随掘地震数据通常采用多台采集分站进行数据采集，各分站拥有多个采集通道，由于井下缺少GPS信号，同时现有的各种网络同步技术受井下网络延迟问题影响，从而使得接收到的随掘数据各分站之间经常会存在同步时差。而时间同步精度直接影响数据的处理及成像质量。因此，随掘地震实时采集数据的同步时差校正对于随掘地震的探测准确性至关重要。

由于当前地面高精度授时系统尚无有效解决井下信号丢失问题的方法，提出了一种基于随掘地震数据的自适应时差校正方法。以各分站独立扫描、综合分析的自适应速度分析方法，解决了各分站的同步时差对速度分析的影响；通过速度分析结果，计算各分站模型道，进而求取得到各分站的同步时差，实现随掘地震数据同步时差的自动校正。

理论模型测试结果表明：该方法所得到的同步时差具有较高精度，并且受噪声影响较小。将其用于煤矿工作面实测随掘地震相干单炮记录，校正后的随掘地震记录各分站之间的时差被消除，且在信噪比较低的各道之间也未受到噪声影响，具有较好的自适应性。地震波传播的时间是随掘记录中的关键属性，通过精确校正时差，确保了各分站记录的随掘数据在时间上的一致性，从而显著提升了数据的准确性。
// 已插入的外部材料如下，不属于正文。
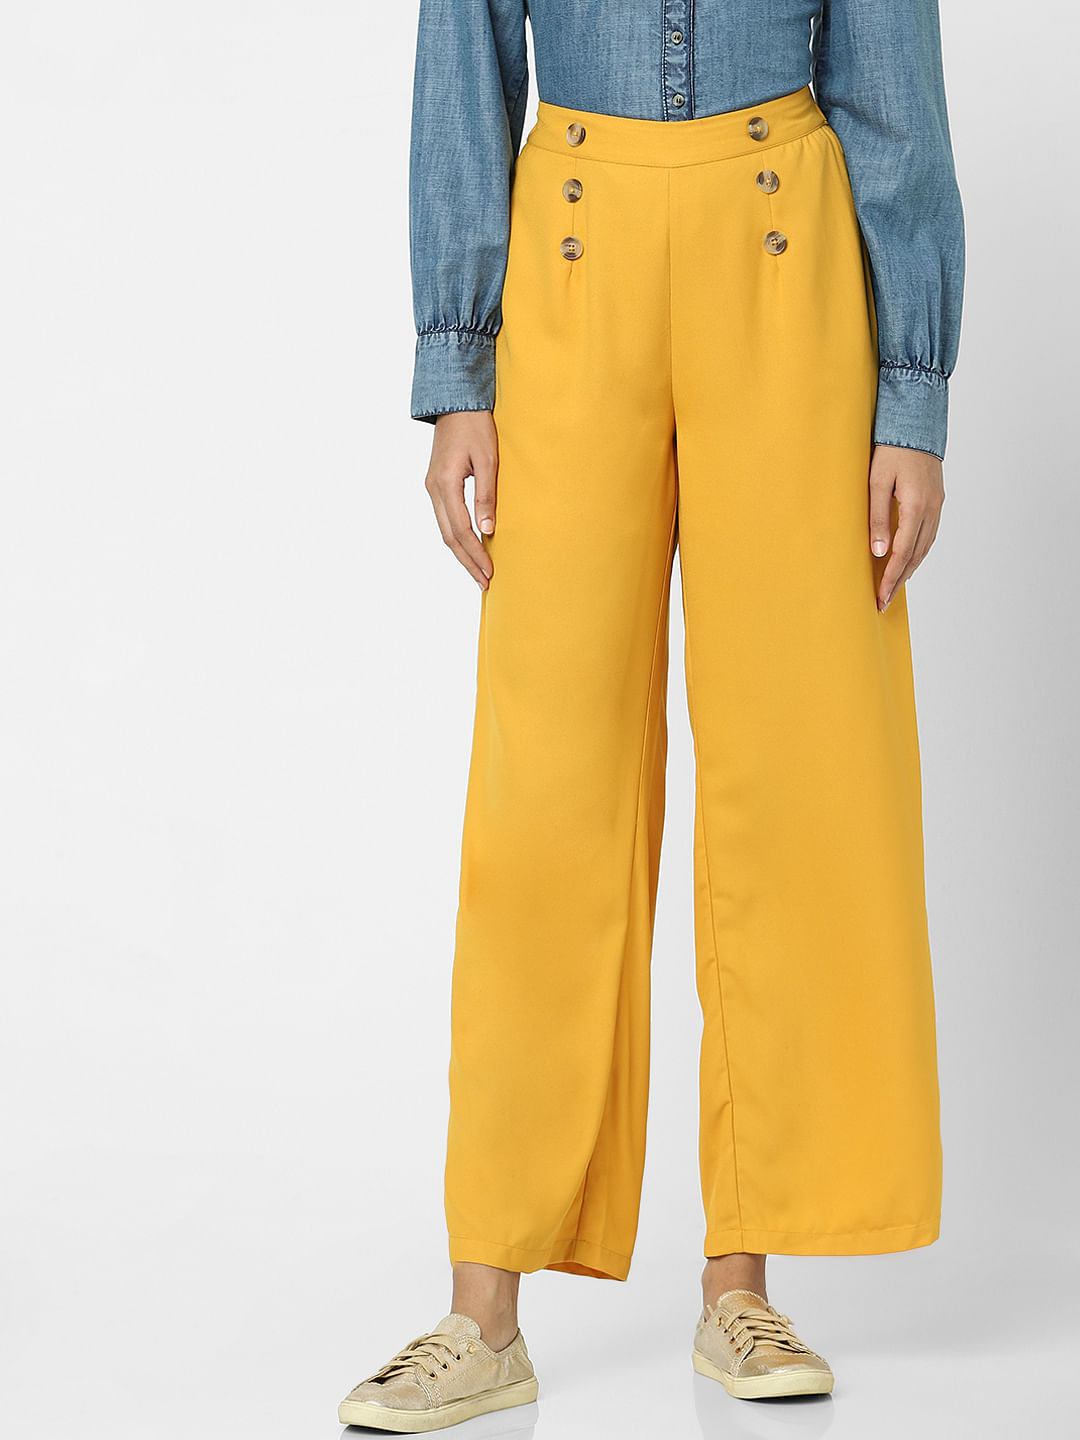 Aesthetic Bodies Joggers  Buy Aesthetic Bodies Flared Pants Yellow Online   Nykaa Fashion

Seismic-while-mining (SWM) data are usually acquired using multiple stations, each of which is equipped with multiple data acquisition traces. However, the SWM data received by these stations exhibit time differences due to the lack of GPS signals underground and the fact that current network synchronization technologies are confined by network delays underground. Given that the time synchronization accuracy directly affects the quality of data processing and imaging, the time difference correction of real-time SWM data is essential for accurate SWM detection.

Since current high-precision timing systems on the surface suffer from signal loss underground, this study proposed an adaptive time difference correction method based on SWM data. First, using an adaptive velocity analysis method characterized by separate scanning and combined analysis of data from various stations, the impacts of time differences between the stations on the velocity analysis were eliminated. Then, the model seismic traces of various stations were established based on the velocity analysis results. Accordingly, the time differences between the stations were derived, thereby achieving the automatic correction of time differences between SWM data.

The testing results of a theoretical model indicate that the time differences obtained using the new method were highly accurate and scarcely affected by noise. This method was applied to the measured coherent single-shot SWM records of a coal mine’s working face. The application results reveal that the time differences of corrected SWM records between the stations were eliminated. Furthermore, the correction of time differences between various seismic traces with low signal-to-noise ratios was free from noise, demonstrating high adaptability. The travel time of seismic waves is a key attribute in SWM records. The accurate correction of time differences ensures the temporal consistency of the SWM data recorded by various stations, significantly enhancing the data accuracy.